Lim v AAI Limited t/as GIO
[2023] NSWPICMRP 1
•2 May 2023
| DETERMINATION OF MERIT REVIEW PANEL | |
| CITATION: | Lim v AAI Limited t/as GIO [2023] NSWPICMRP 1 |
| ClaimanT: | Back Chun Lim |
| Insurer: | AAI Limited t/as GIO |
| Merit Review Panel members: | Katherine Ruschen Terence O’Riain |
| DATE OF DECISION: | 2 May 2023 |
cATCHWORDS: | MOTOR ACCIDENTS - Motor Accident Injuries Act 2017; dispute about payment of statutory benefits under section 3.24 and/or 3.28; dispute about payment of expenses under section 8.10; interpreter fees; meaning of treatment and care; jurisdiction; sections 42 and 54 of the Personal Injury Commission Act 2020; rule 77 of the Personal Injury Commission Rules 2021; compliance with directions; power to dismiss proceedings; Held – the application for a merit review is dismissed. |
| Determinations made: | CERTIFICATE OF DETERMINATION Issued in accordance with s 7.15(4) of the Motor Accident Injuries Act 2017 1. Pursuant to s 54(c) of the Personal Injury Commission Act 2020 and rule 77(b)(ii) and/or in the alternative, rule 77(b)(iii) of the Personal Injury Commission Rules the application for a panel review of the single merit review decision of Merit Reviewer Plibersek is dismissed. |
STATEMENT OF REASONS
INTRODUCTION
There is a dispute between Back Chun Lim (the claimant) and GIO (the insurer) about statutory benefits payable for treatment and care under Division 3.4 of the Motor Accident Injuries Act 2017 (MAI Act) and/or expenses payable under Part 8 of the MAI Act.

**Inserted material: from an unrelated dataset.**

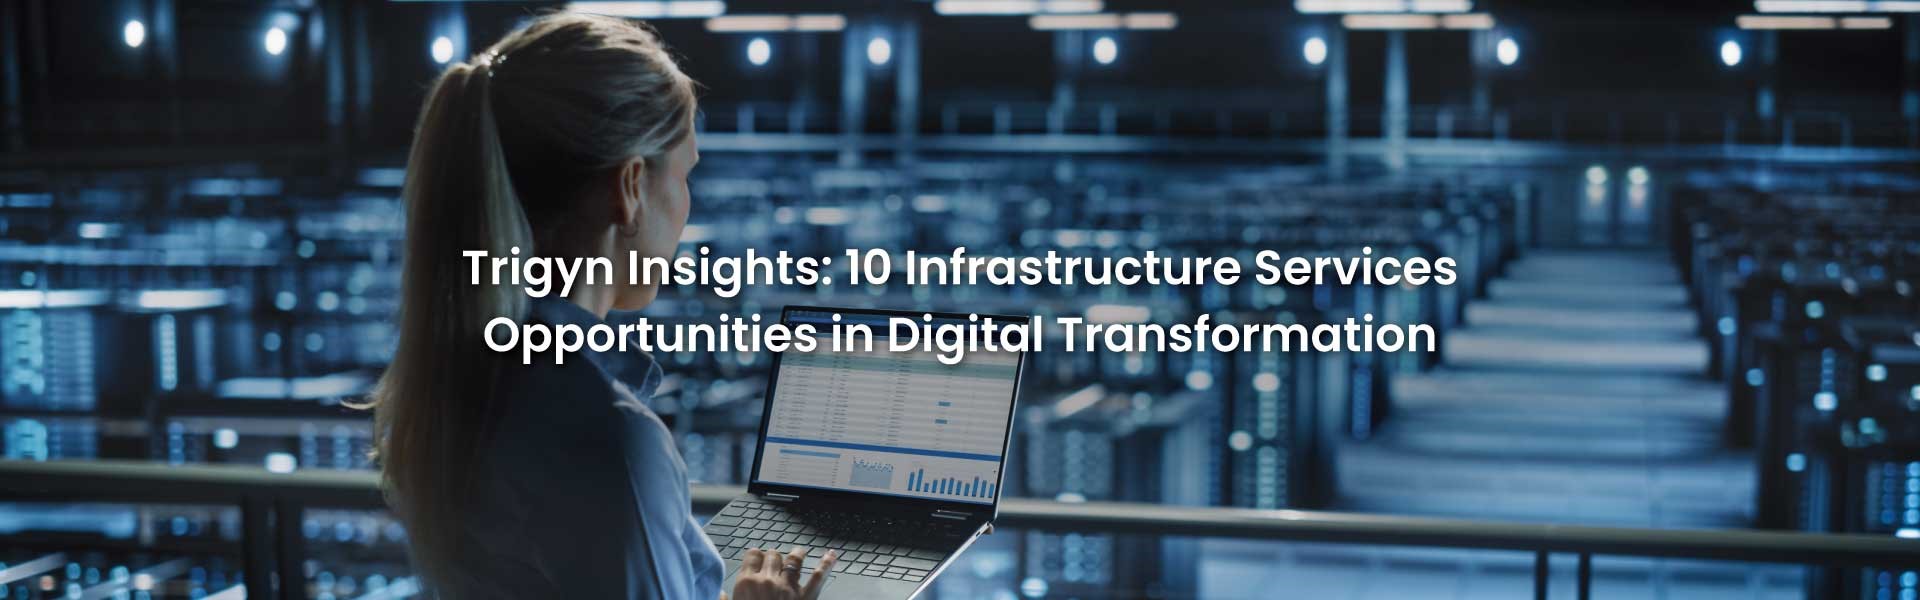 Infrastructure Services in Digital Transformation

The claimant was injured in a motor accident on 12 March 2020.
The claimant lodged an application for personal injury benefits on 9 April 2020.

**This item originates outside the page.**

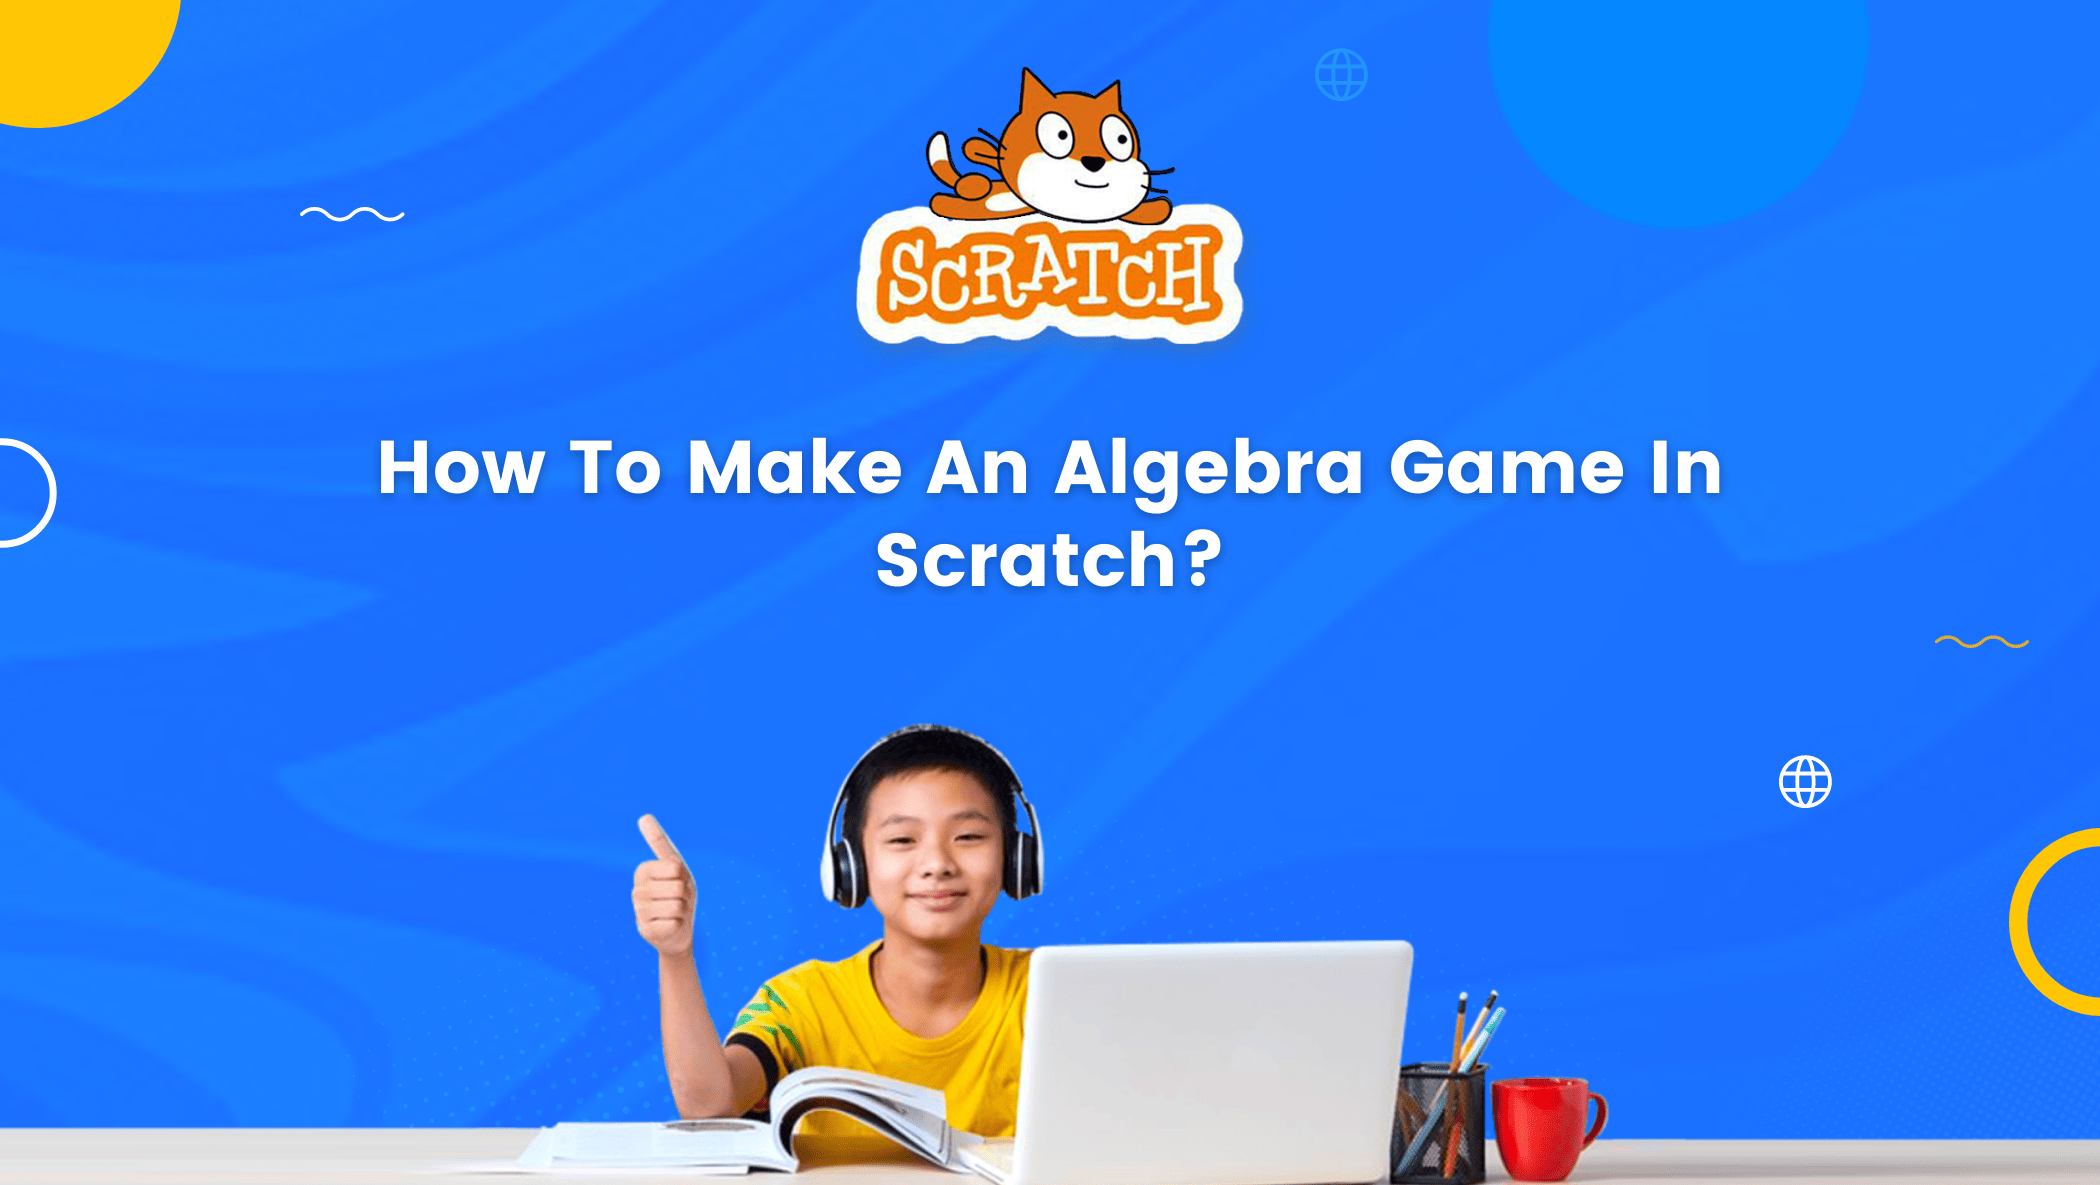 How To Make An Algebra Game In Scratch

The claimant requested payment of certain interpreter fees by the insurer. The interpreter fees are said to have been incurred by the claimant in connection with receiving treatment and/or making the claim.
The insurer declined payment of the interpreter fees.

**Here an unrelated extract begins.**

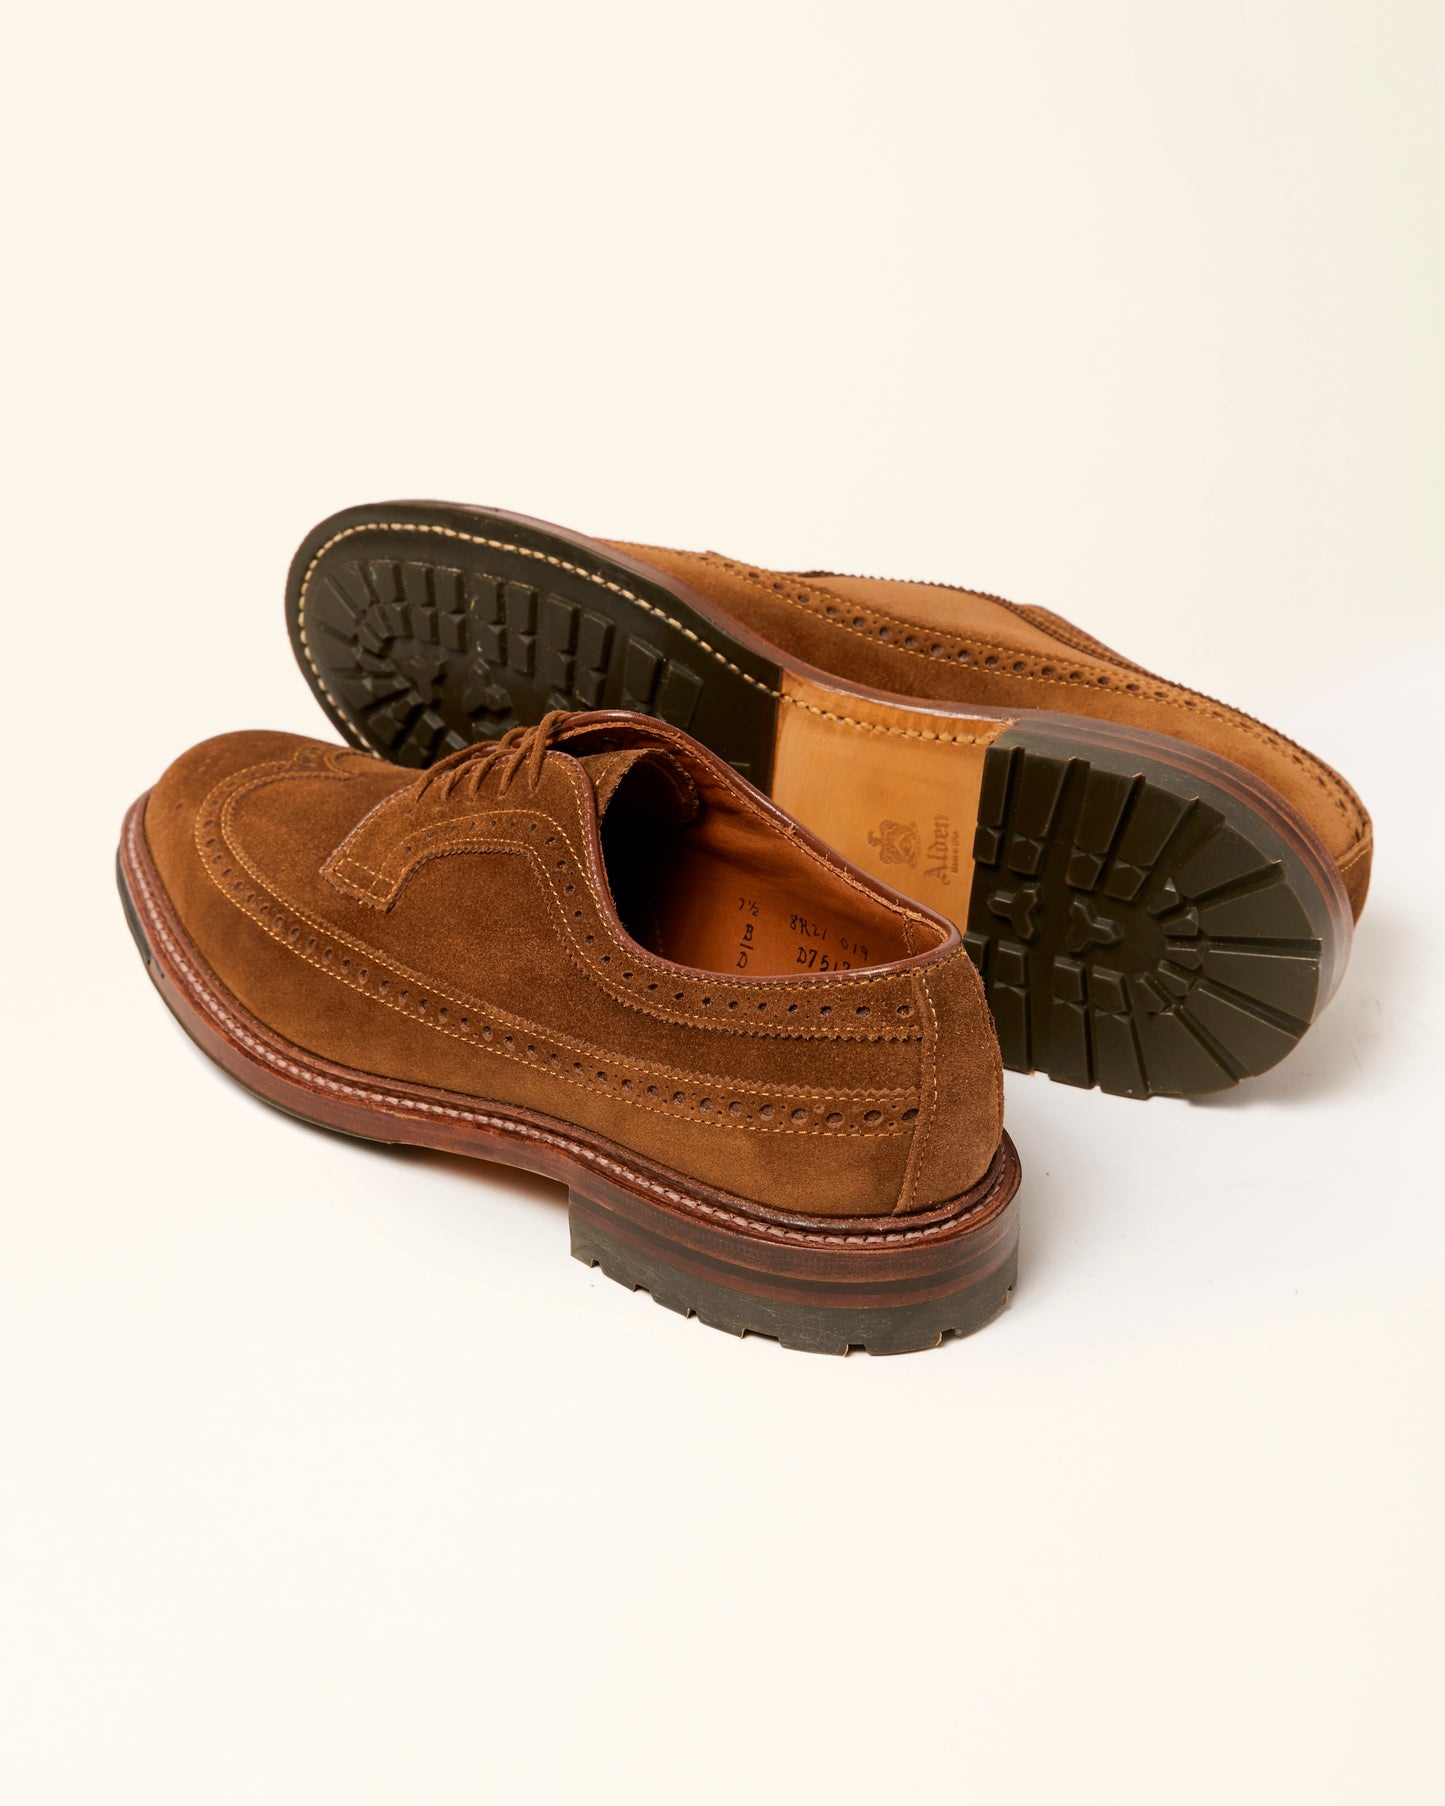 "Pike" Long Wing Blucher in Snuff Suede, Barrie Last

The claimant sought a merit review of the insurer’s internal review decisions regarding payment of interpreter fees.
On 28 October 2022 Merit Reviewer Plibersek determined there was no jurisdiction to review the dispute.
The claimant applied to the Personal Injury Commission (the Commission) for a review panel to reconsider the merit review.
On 5 December 2022 the President’s delegate decided there was reasonable cause to suspect an error in the Merit Reviewer’s decision.
The Commission's President constituted a Review Panel (the Panel) to review the Merit Reviewer's decision.
BACKGROUND TO THE DISPUTE
In the application for personal injury benefits the claimant notified the insurer that they required a Korean interpreter to assist them through the claims process.
The insurer accepted liability to make payment of statutory benefits for the first 26 weeks after the accident. The claimant’s entitlement to statutory benefits ceased on 12 September 2020.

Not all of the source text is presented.